We have $f'(x)=3x^2+2x+a+4\cos(x)$, so $a$ is just an added constant.

If we find the minumum value of $g(x)=3x^2+2x+4\cos(x)$, we have found the maximal possible $-a$.

So we have $g'(x)=6x+2-4\sin(x), g''(x)=6-4\cos(x)>0$. $g(x)$ is dominated by the quadratic term $3x^2$ for large $|x|$ and $g''$ is always positive, so solving $g'(x)=0$ will find the $x$-value where $g(x)$ becomes minimal.

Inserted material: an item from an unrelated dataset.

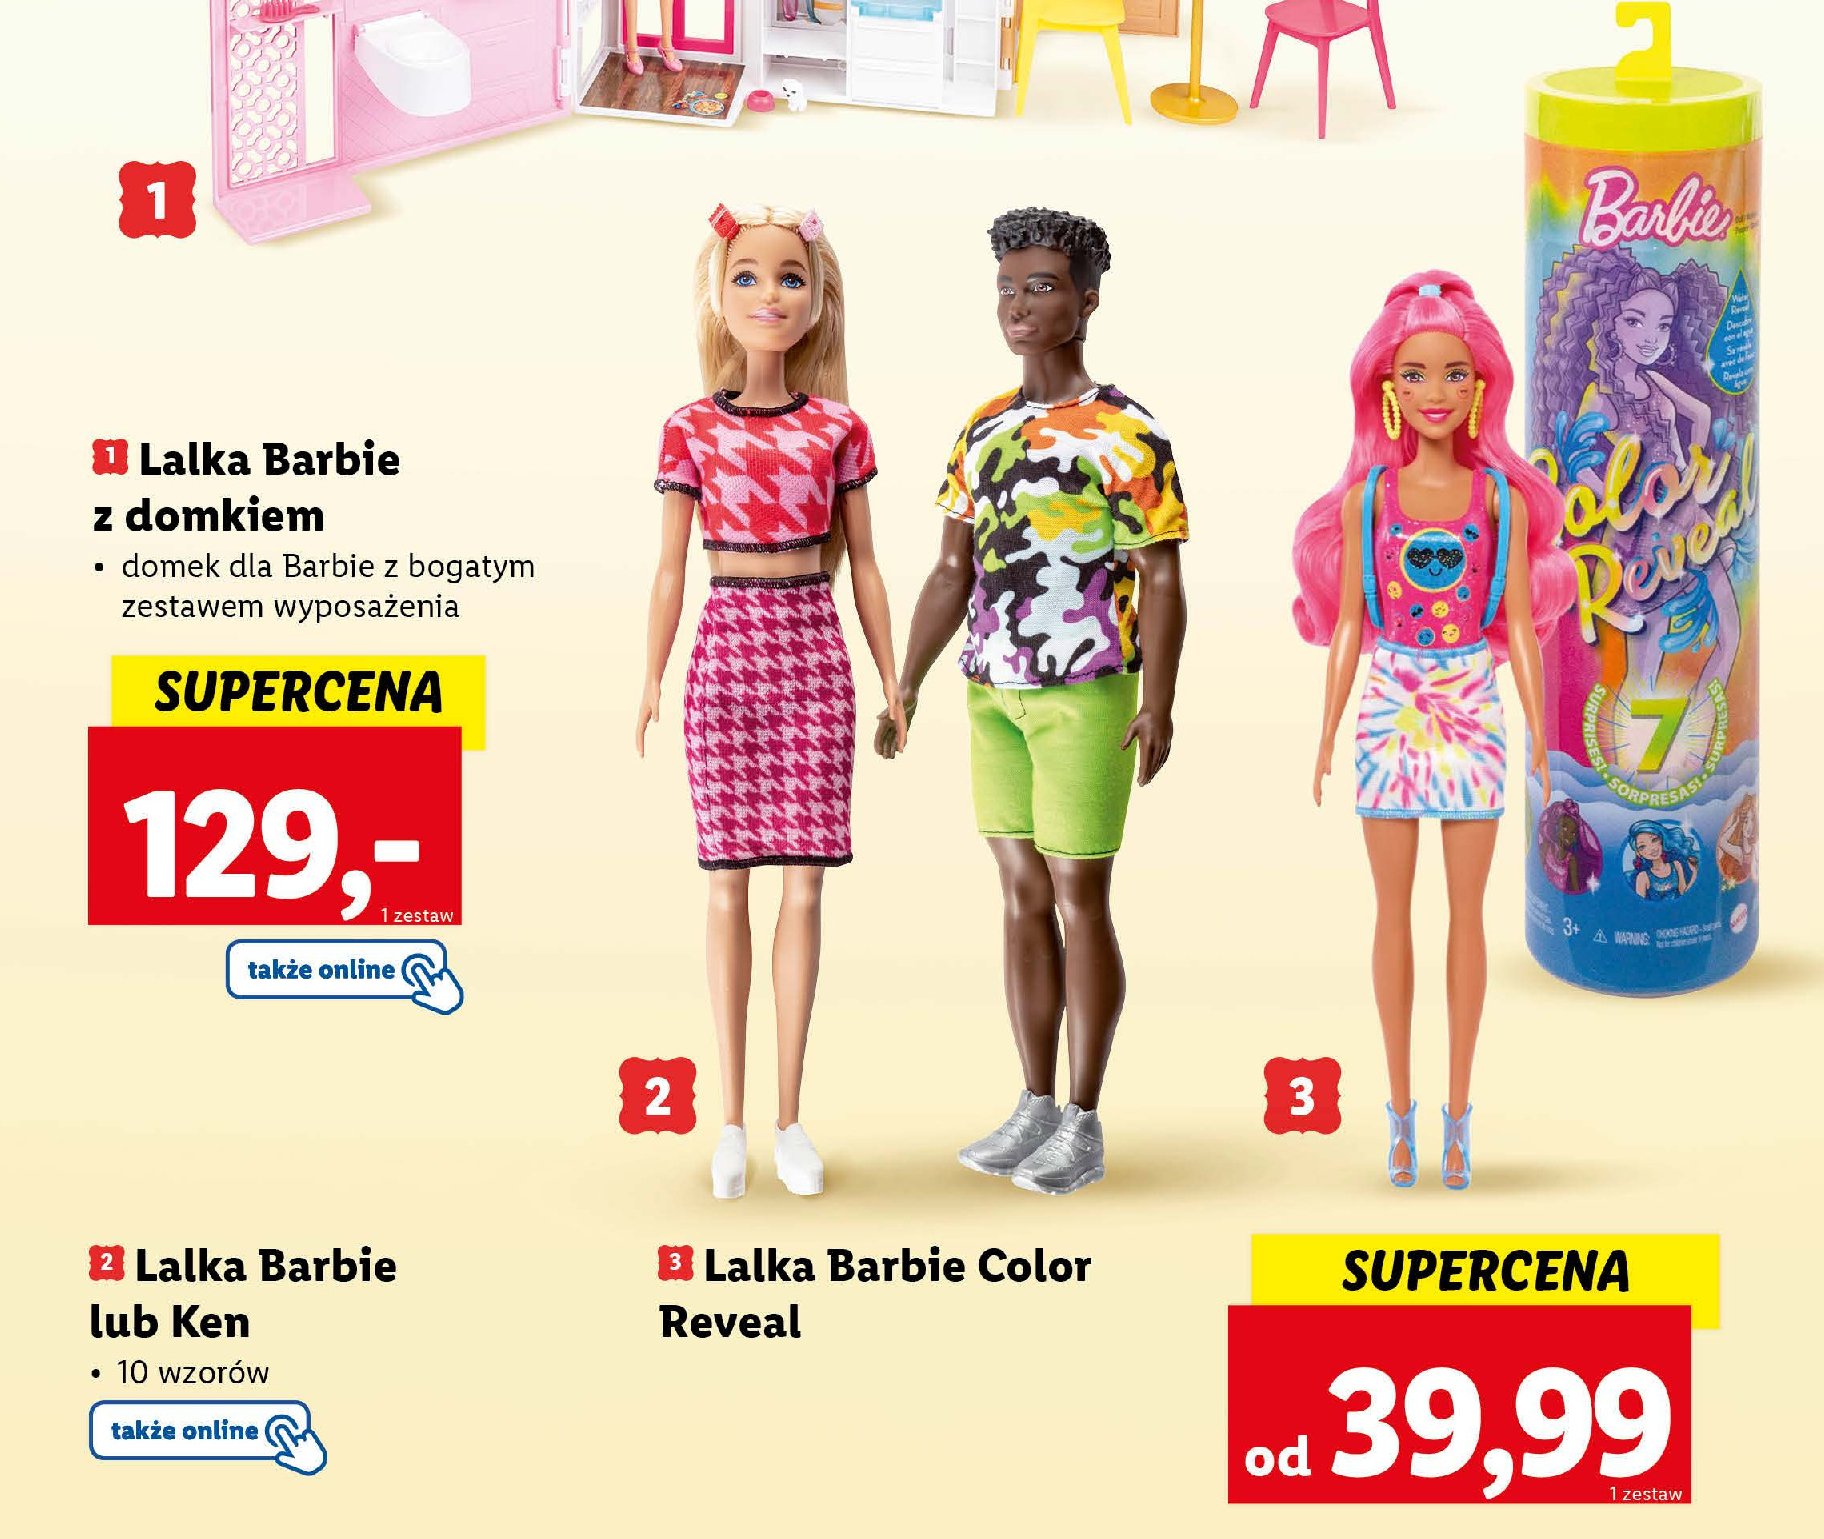 Ken Barbie promocja

As can be seen here, there is exactly one solution:

I don't think there is a way to find the solution explicitely, a common fix-point iteration would be

$$x_0=-0.8, x_{n+1}=\frac{2\sin(x_n)-1}3$$

and this leads to the solution $x_s \approx -0.82140...$ and $g(x_s)\approx 3.106...$

This means that the interval for $a$ where $f'(x)$ is always non-negative is

$$a \ge -g(x_s) \approx -3.106...,$$

where $x_s$ is the only real solution to $6x+2=4\sin(x)$, $x_s \approx -0.82140...$.

Answer 2

Note that the minimum value of the cosine term is $-1.$ Thus, if the function $f'$ is to be positive for all real $x,$ then we must consider the least value the function can take, and choose $a$ so that this value is positive. Hence the setting of $\cos x=-1.$

Answer 3

Note that $f'(x)=3x^2+2x+a+4\cos x$ consists of two functions, $g(x)=3x^2+2x+a$ and $h(x)=4\cos x$ $$g'(x)= 6x+2$$ equating that to $0$, we get: $$x=\dfrac{-1}{3}$$ which means the minimum value of $g(x)$ will be at $x=\dfrac{-1}{3}$ $$g_{min}(x)=g(\dfrac{-1}{3})=\dfrac{3a-1}{3}$$ The minimum value of $h(x)$(for any value of $x$, not necessarily $\dfrac{-1}{3}$) is $-4$

$\therefore$ if $\dfrac{3a-1}{3}-4\geq 0$, then for all values of $x$, $f'(x)\geq 0$ $$\dfrac{3a-1}{3}-4\geq 0$$ $$a\geq \dfrac{13}{3}$$